Today, YouTube has created literally millions of channels. Many millennials are even cutting the cable cord in favor of YouTube and subscription-based, on-demand streaming products like Netflix or Hulu to watch content free of interruption marketing.
For companies, there is no longer a limited number of choke points to ambush the customer with their advertisements. Today the customer is segmented into ever more tiny tribes, each with their own channel and programming. It is no longer possible for a small business to rely on adverting to remain relevant since there are so many channels to choose from.
Advertising has a place for very large companies and brands that want to sell millions of undifferentiated products, such as laundry soap or automobiles, to the masses.
Large companies with deep financial resources continue to hire an advertising agency to design new ad campaigns. The effectiveness of the ad itself is impossible to measure directly. If the campaign’s effectiveness is ever questioned, the company’s marketing executive often fires the ad agency, blaming them for the failure, and hires another ad agency. If the situation occurs again, the cycle simply repeats.
Employing this type of advertising strategy is virtually useless for small businesses with limited budgets. Interruption marketing continues to diminish in value more every day as new channels are introduced. A more viable solution for small businesses is not to try and piggyback on other people’s content as large companies do, but to create their your own content and deliver it on your own channel.

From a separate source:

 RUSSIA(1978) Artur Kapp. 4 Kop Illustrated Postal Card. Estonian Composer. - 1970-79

When I refer to developing your own channel, I’m talking about your blog, YouTube, or Podcast channel that will appeal to your very small but ideal customer. However, before you can sell to them, you have to attract the audience with great content. Sure, some of the time the viewer just wants to sit back and be entertained, but more and more the viewer is taking control of the experience.
Rather than just watching a show about fly fishing, the viewer who is planning an Alaskan fly fishing adventure might want consumer content specific to techniques that work for dolly varden or king salmon in Alaska. By providing rich and highly targeted content, you can not only promote your own message, but you can sometimes share your audience with complementary product or service providers for additional revenue or other concessions.

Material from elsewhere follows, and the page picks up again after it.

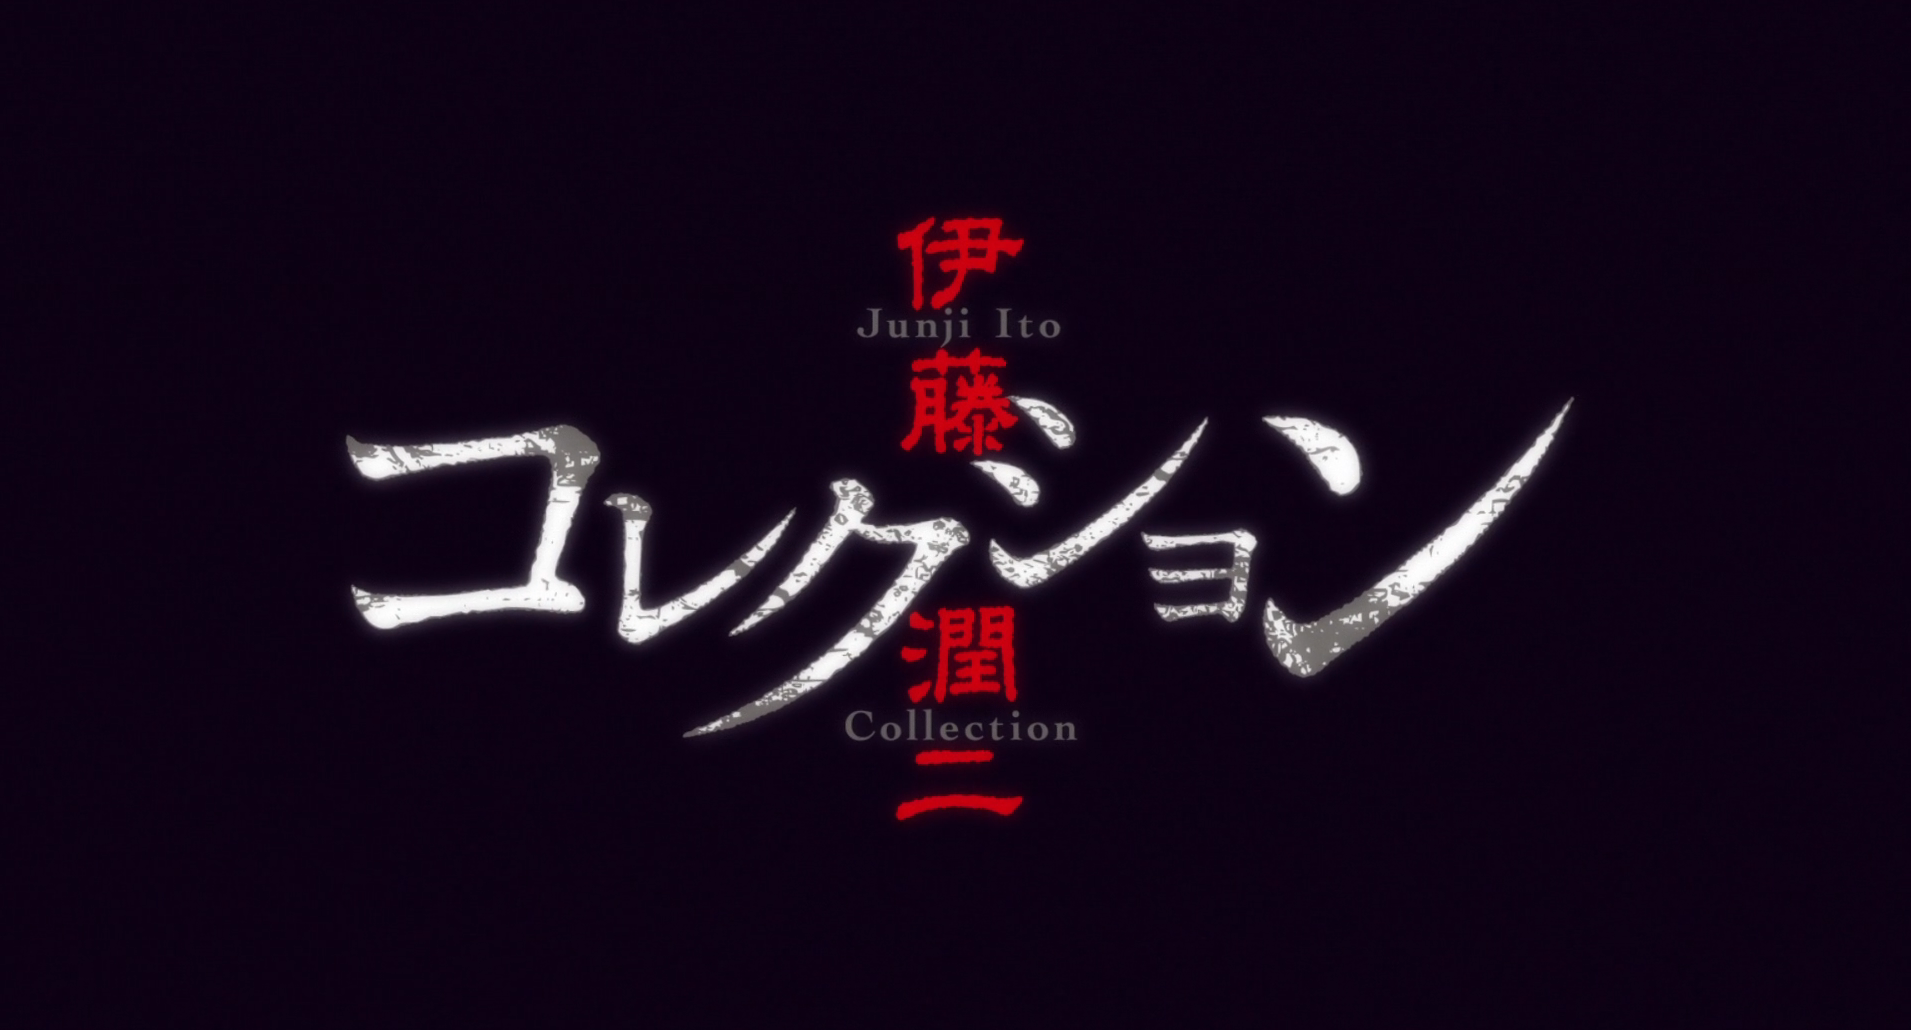 Junji Ito Collection Title
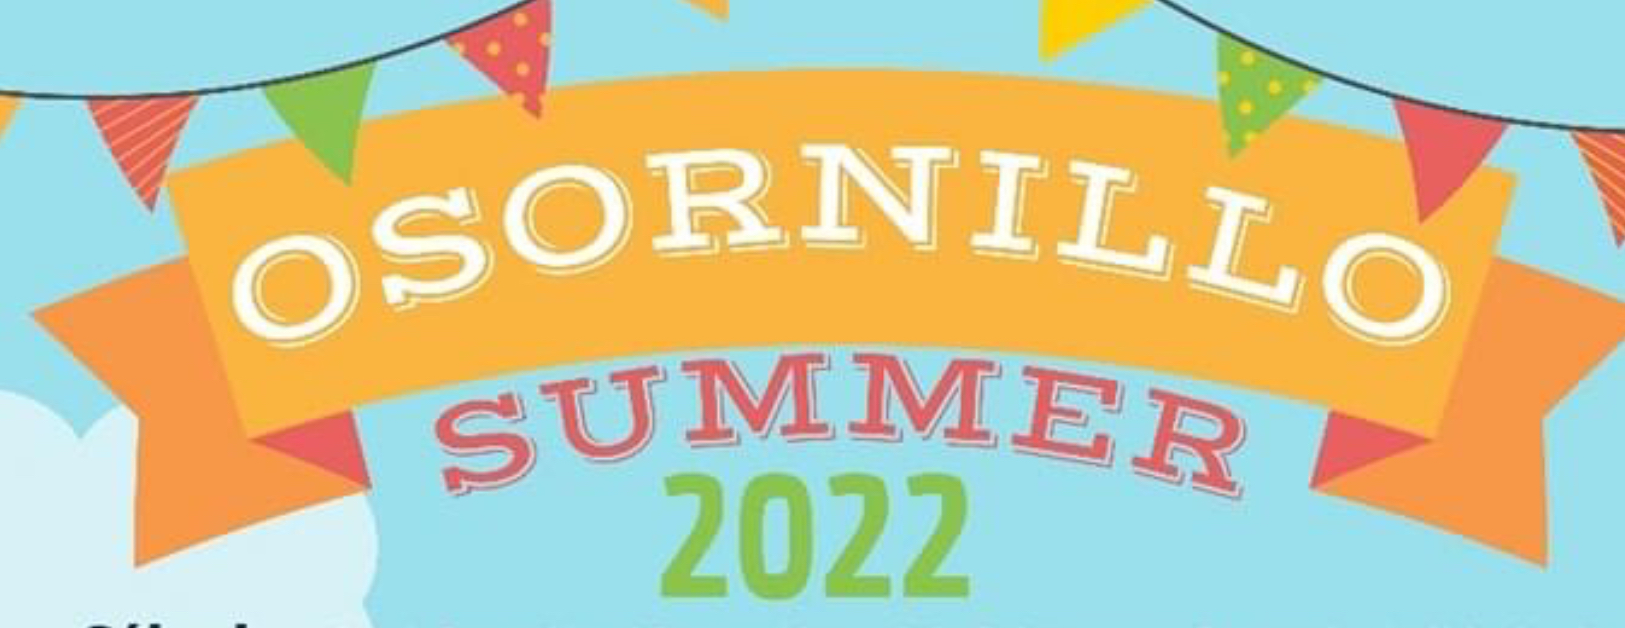 Osornillo summer  2022

Creating one’s own channel that not only delivers content, but shapes the marketing message is the core tenet of the long tail economy that we now live in.
The head of the new marketplace is for mass marketing of undifferentiated products such as beer and televisions. The tail of the new marketplace is the realm of the small business owner to cultivate. Your role is to identify and zero in on your very specific niche and create a channel to address the very specific content needs of your ideal customer.

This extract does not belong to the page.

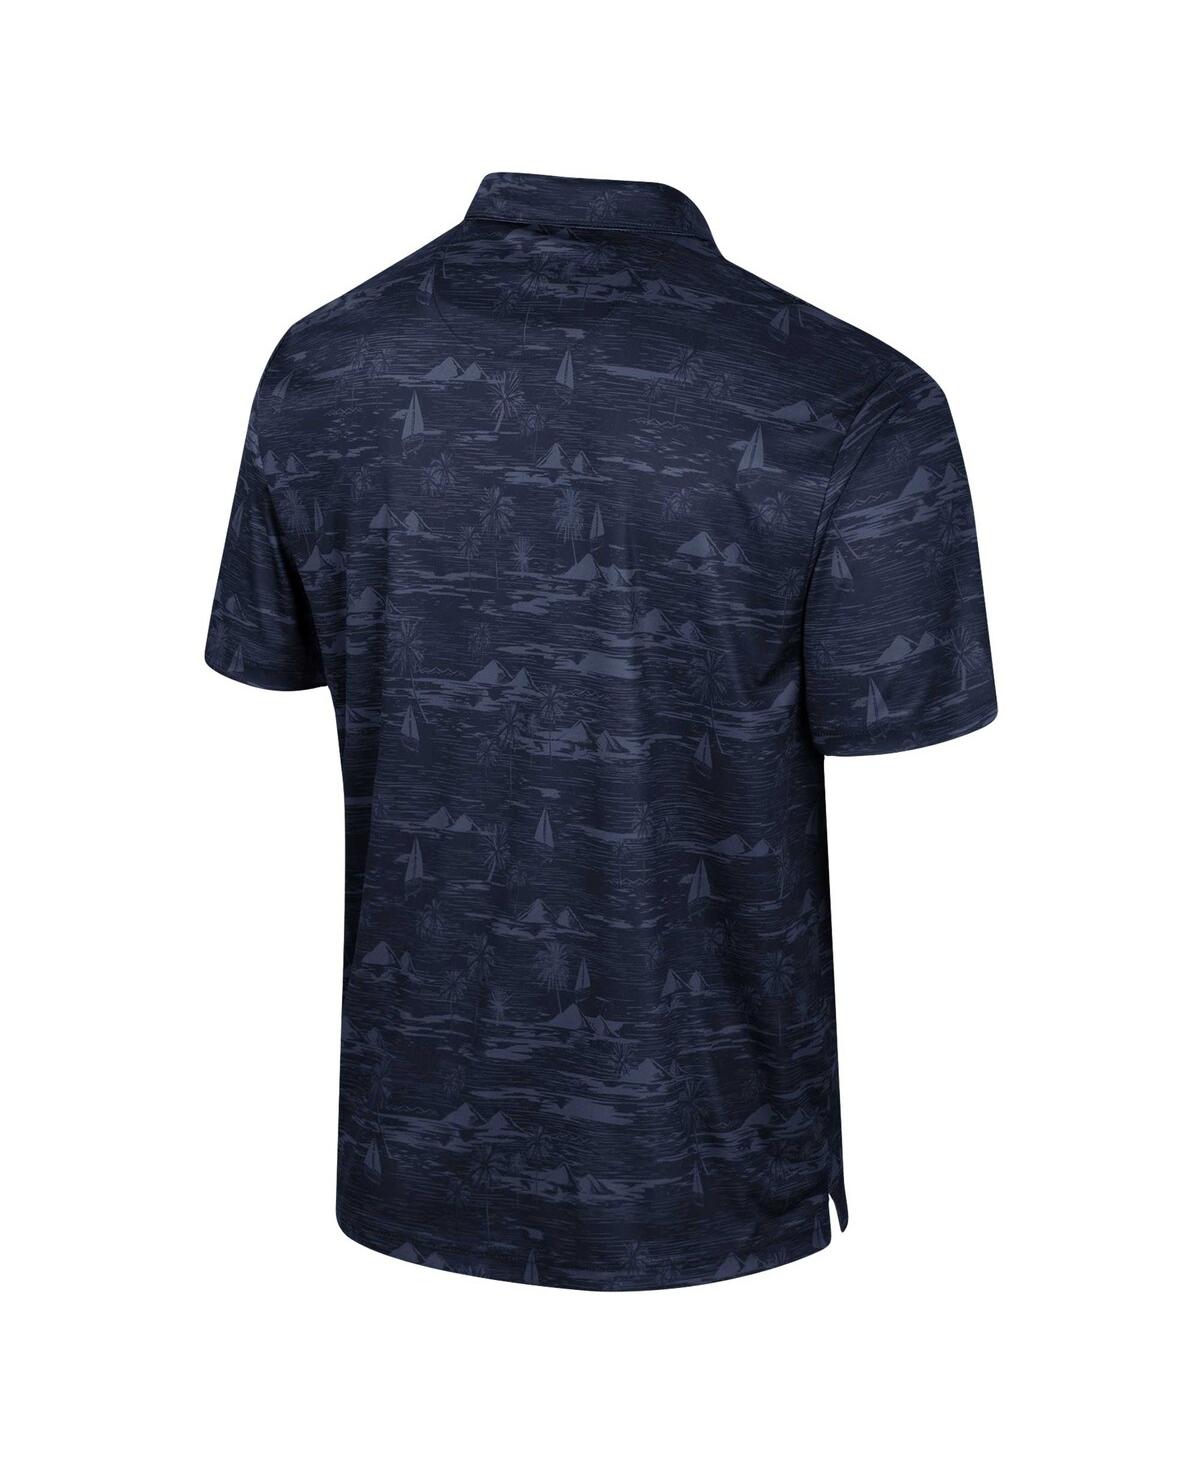 Shop Colosseum Men's  Navy Michigan Wolverines Daly Print Polo Shirt

For the small business owner in today’s world, it is no longer efficient to convince people to buy your product or service using advertising that piggybacks on someone else’s undifferentiated content just because it has a wide audience. The idea that getting access to a bigger market is better is no longer true. It is not about the sheer number of eyeballs reached, but the quality of the eyeballs. If the aperture of your targeted tribe is too big, you risk not being specific enough to create enough gravity to draw in an audience at all.
Today, the savvy small business marketer must create a channel that appeals to a very tiny tribe of users. They must provide a level of content that will dominate their tiny slice of the tail and then use their market clout to subtly convince the consumer to buy their product.
Is it time to create your own channel?